§ WHAT IS NEEDED: Once you find the line with "Brot mit Schinken" in the data below, transcribe exactly each line from there to the line with "Golden Nag Mantra", inclusive, and nothing else. Drop the pictures.

----- SOURCE MATERIAL -----

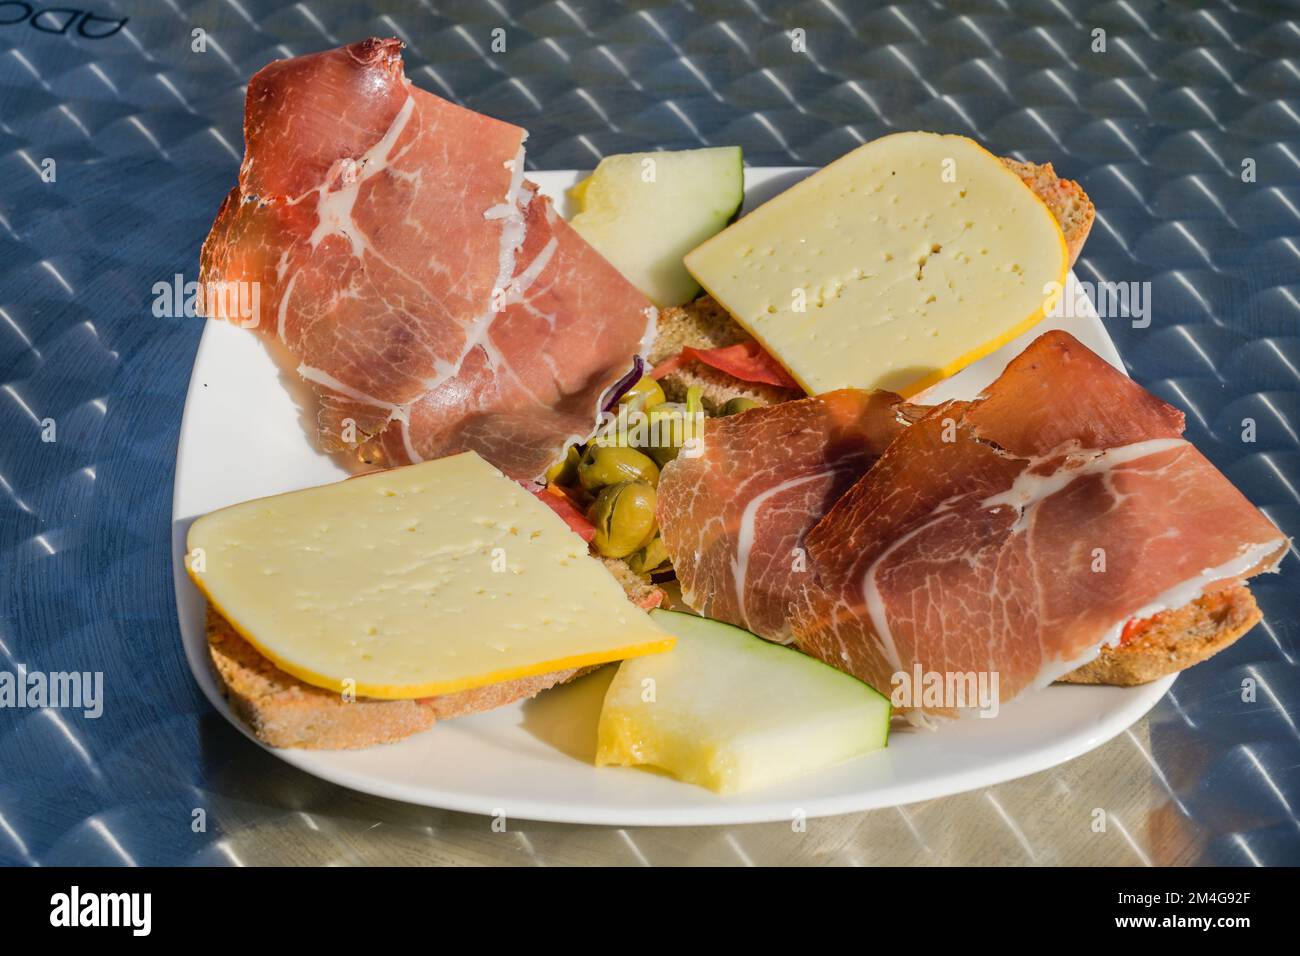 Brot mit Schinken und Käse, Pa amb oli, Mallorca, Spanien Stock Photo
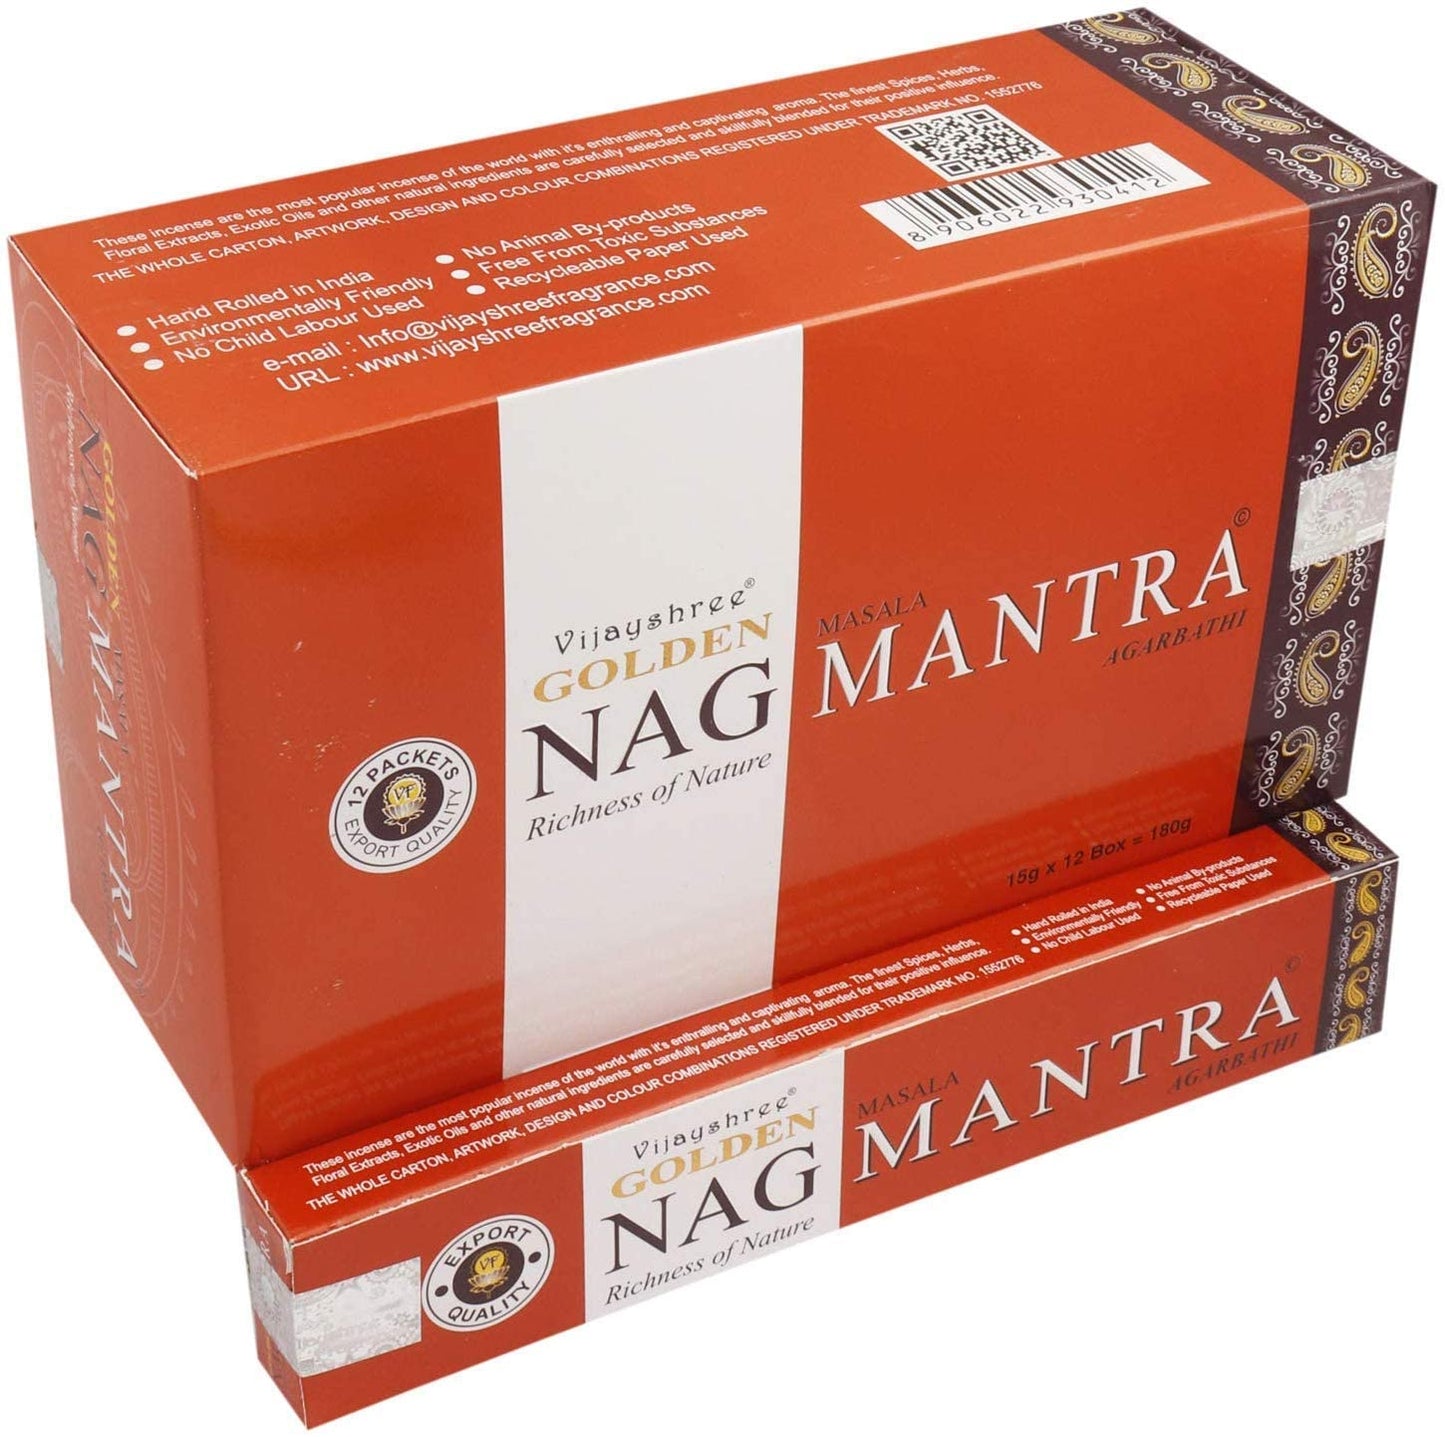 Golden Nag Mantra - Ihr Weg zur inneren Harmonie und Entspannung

-----
----- SOURCE MATERIAL -----

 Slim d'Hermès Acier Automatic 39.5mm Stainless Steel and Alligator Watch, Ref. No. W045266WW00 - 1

-----

§ EXPECTED ANSWER:
 Brot mit Schinken und Käse, Pa amb oli, Mallorca, Spanien Stock Photo
 Golden Nag Mantra - Ihr Weg zur inneren Harmonie und Entspannung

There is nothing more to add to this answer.